[[ Collected data, beginning ]]

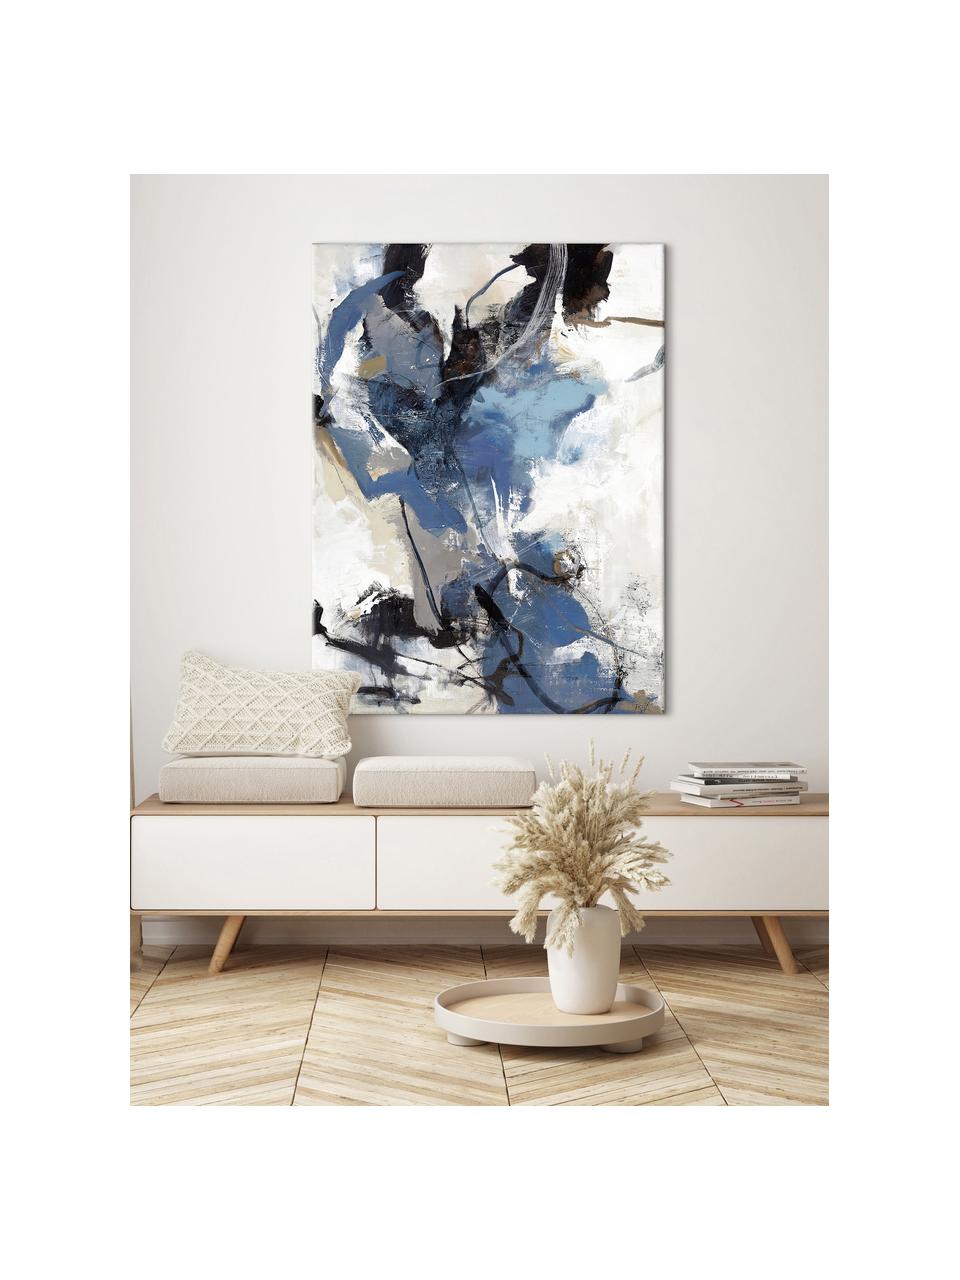 Handbemalter Leinwanddruck Blue vibes, Bild: Ölfarben auf Leinwand, Blau, Schwarz, Weisstöne, Grau, Braun, B 90 x H 118 cm
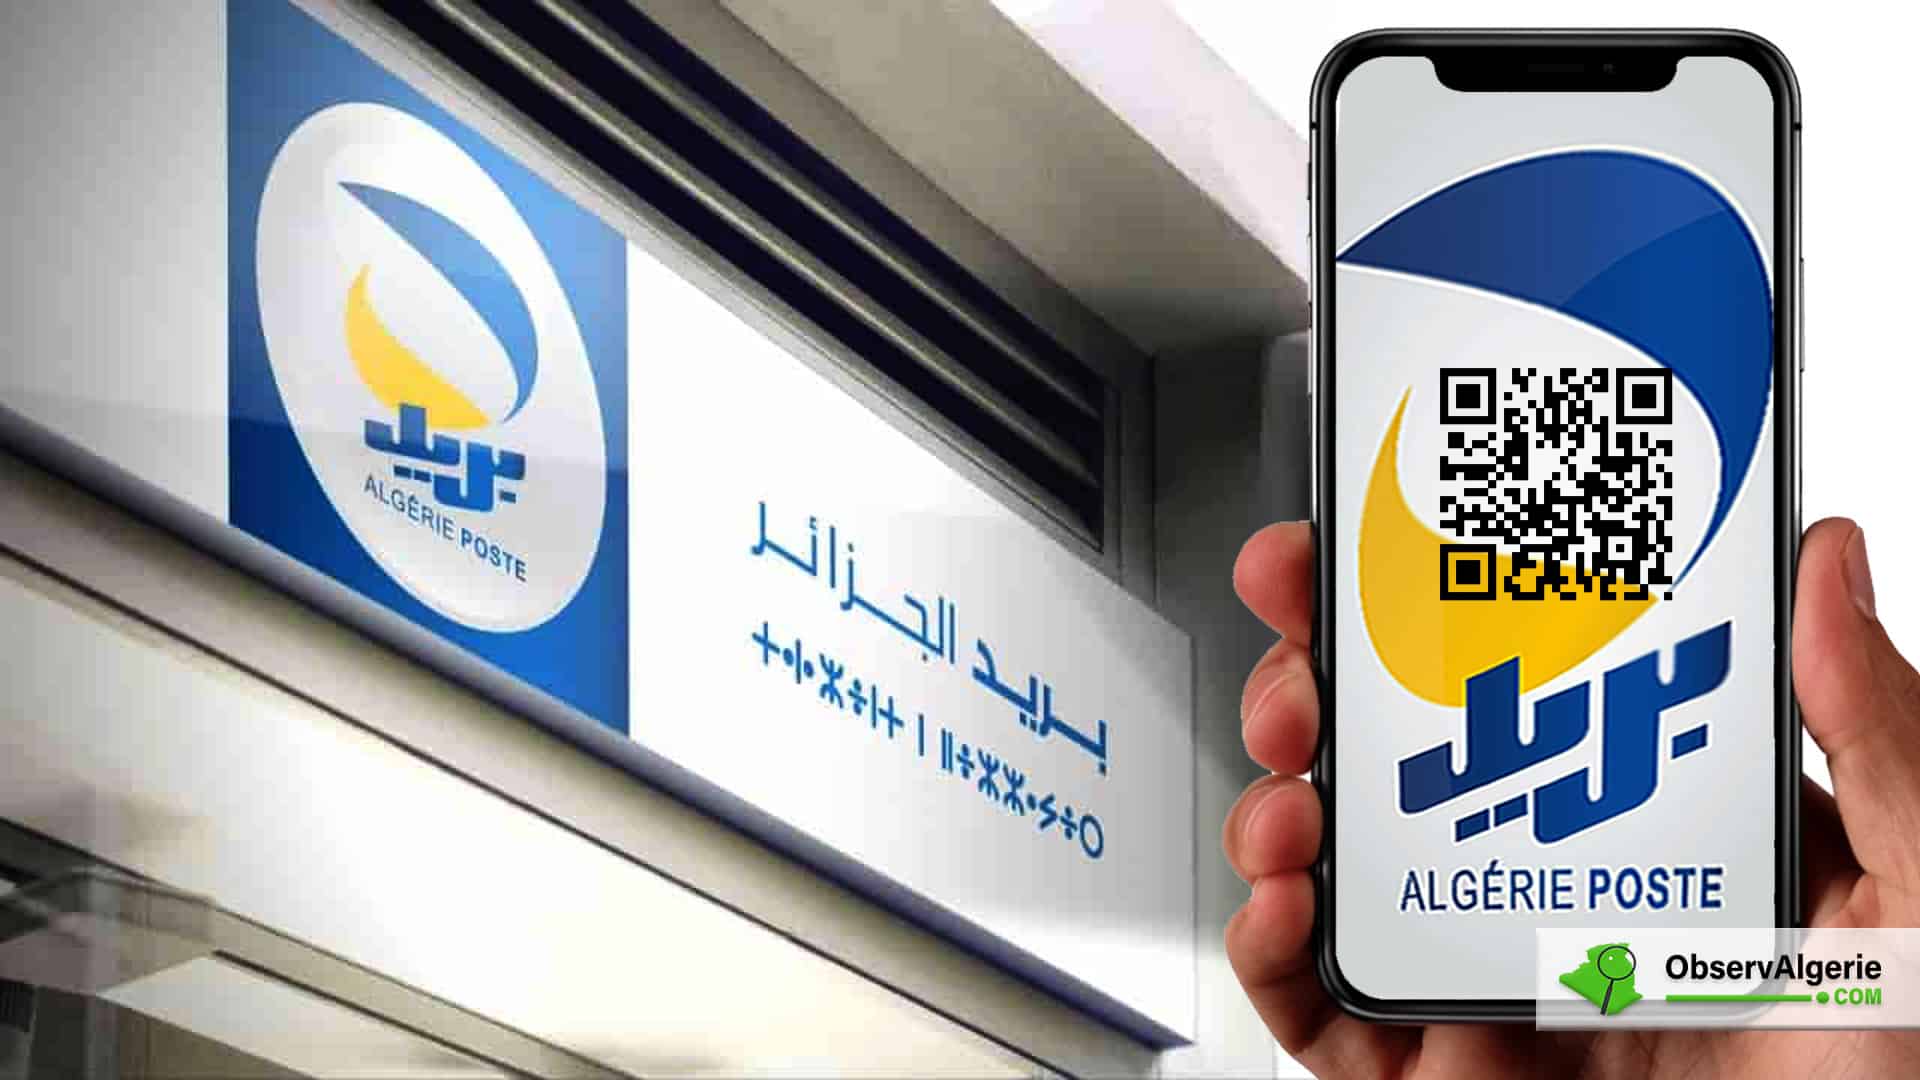 Algérie poste, Service de payement en ligne
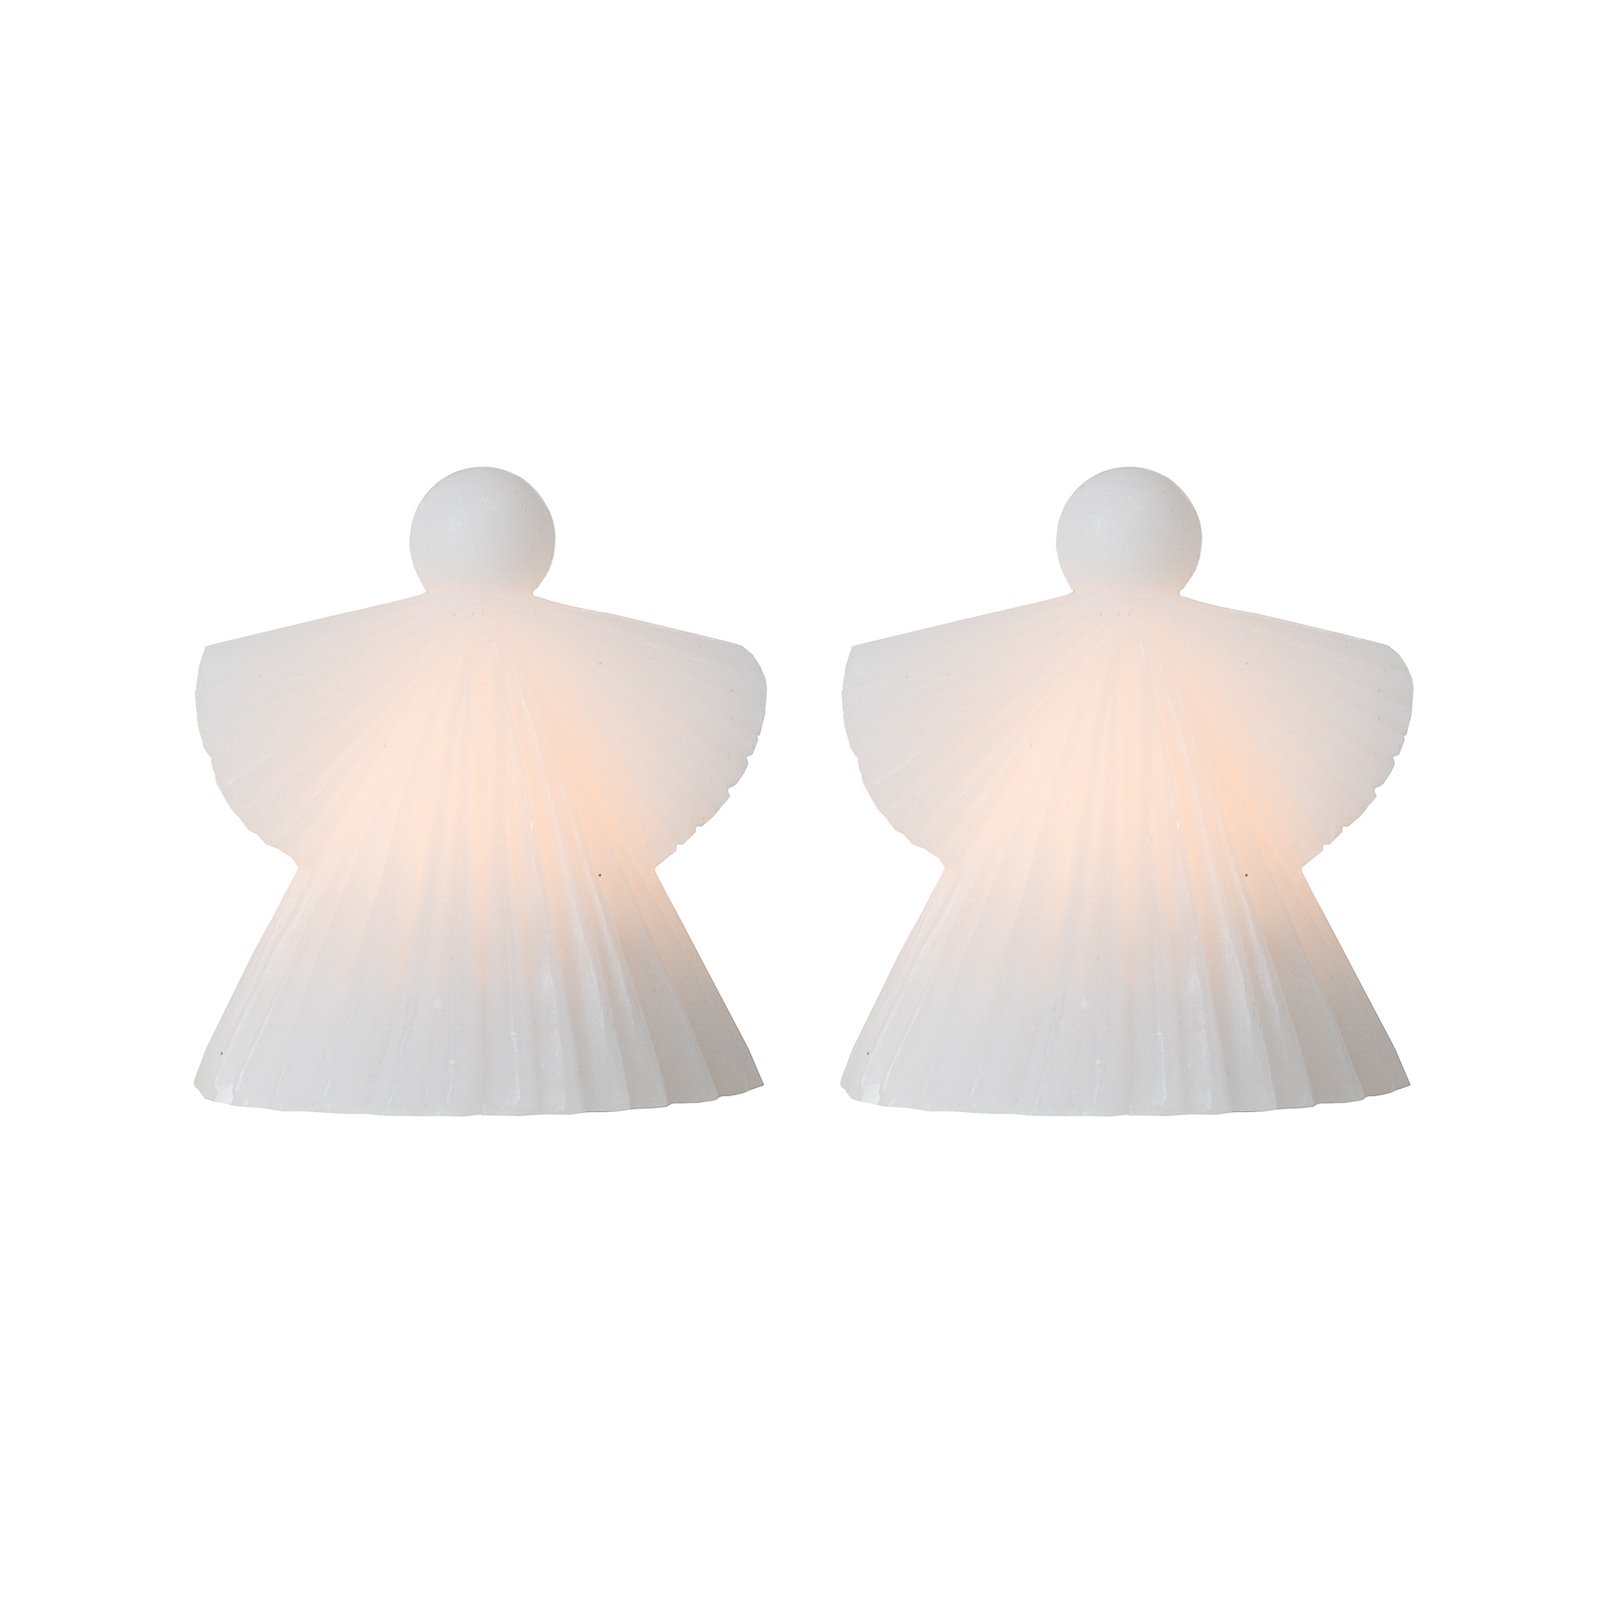 LED ukrasna figura Asta, anđeo, bijeli vosak, 10cm, set 2 kom

[[ Collected data, end ]]

Output all of the data word for word, excluding any pictures.

 Handbemalter Leinwanddruck Blue vibes, Bild: Ölfarben auf Leinwand, Blau, Schwarz, Weisstöne, Grau, Braun, B 90 x H 118 cm
 Algérie poste, Service de payement en ligne
 LED ukrasna figura Asta, anđeo, bijeli vosak, 10cm, set 2 kom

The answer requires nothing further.